How should we promote sessions for the particular people we want to work with?

People who haven’t been active for a while are often apprehensive about getting involved. It’s therefore very important to get the message right when you advertise your services.

How should we promote sessions for the particular people we want to work with?

People who haven’t been active for a while are often apprehensive about getting involved. It’s therefore very important to get the message right when you advertise your services.

This question is important because:

People who haven’t been active for a while are often nervous about getting involved.  You therefore need to get the message right when you promote your activities.  Exactly how you do this will depend on who you want to target and how they access your service (eg referral, signing up or just coming along to a session).  It is said that people need to see something at least 7 times before they are likely to act on it so you need to spread the word lots of places and in lots of ways.

Research

The University of Strathclyde’s evidence shows that people are as much motivated by fun and meeting others as by becoming active.  When advertising your services you should therefore take into account what motivates people to take part.

Key messages:

Think about your audience. Is it potential participants themselves, friends and family of potential participants, health professionals, or other organisations who may already have contact with the people you want to attract?

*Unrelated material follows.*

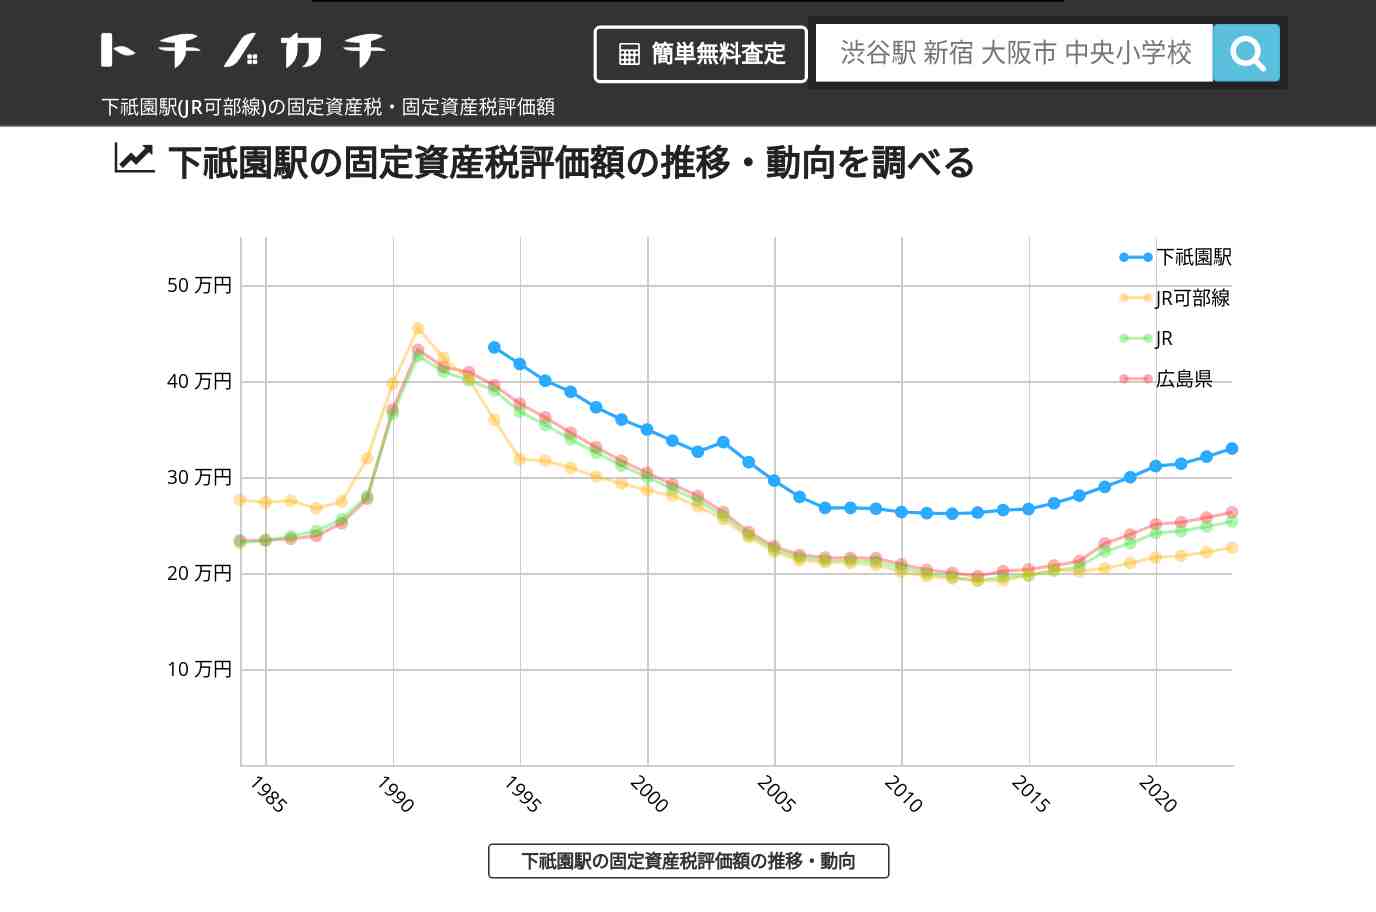 下祇園駅(JR可部線)の固定資産税・固定資産税評価額 | トチノカチ

The term ‘inactive’ can be unhelpful and act as a barrier for some. Consider language around ‘becoming active’ and ‘active journeys’ in your materials, and emphasise the social and fun.

Once you know your audience you can come up with appropriate messages. You may need to promote your service to several different audiences and might need different materials for each one.

You may need to explain:

  • who can come along
  • that your programme is specifically aimed at people who haven’t been active for a while
  • what to expect from a session (length, frequency, type of activity, how you accommodate people’s different needs, whether they can come and watch before getting involved, any social aspects…)
  • what the benefits could be (social, physical and/or emotional)
  • when and where sessions happen
  • what to bring (clothes, equipment…)
  • any costs
  • how to get involved (eg referral or open access)
  • how you can support people to take part (eg meet or speak beforehand or encourage them to bring a friend along)
  • how to find out more (website, e-mail, phone, social media…).

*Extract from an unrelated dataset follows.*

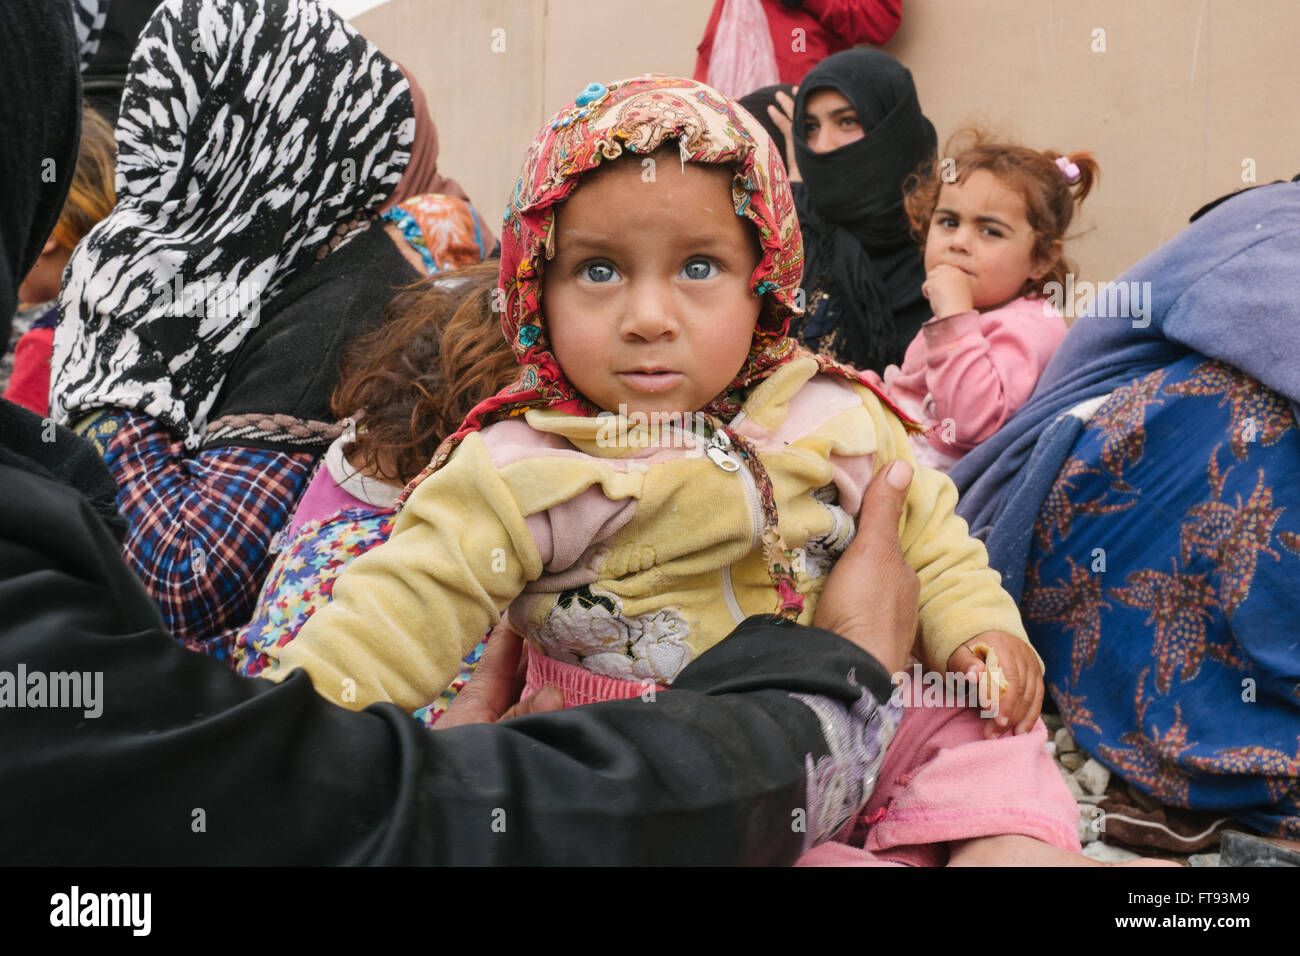 Camp de réfugiés dans le Kurdistan irakien - 15/03/2016 - Irak / Kurdistan iraquien - Des centaines de mendiants les réfugiés, surtout les enfants, sont Banque D'Images

Your messages to potential participants might include:

  • “Becoming more active will give you huge physical health benefits.”
  • “You can achieve significant benefits very quickly through minor increases in activity.” (small steps approach)
  • “Being more physically active can lead to big improvements in your mental health.”
  • “If you join our sessions you will have fun and get to know new people.”

Use photos of real people – not stock images of perfectly proportioned athletes.

Include quotes from previous participants and/or referrers.

Use straightforward, friendly language.

Ask people from your target audience to comment on draft materials.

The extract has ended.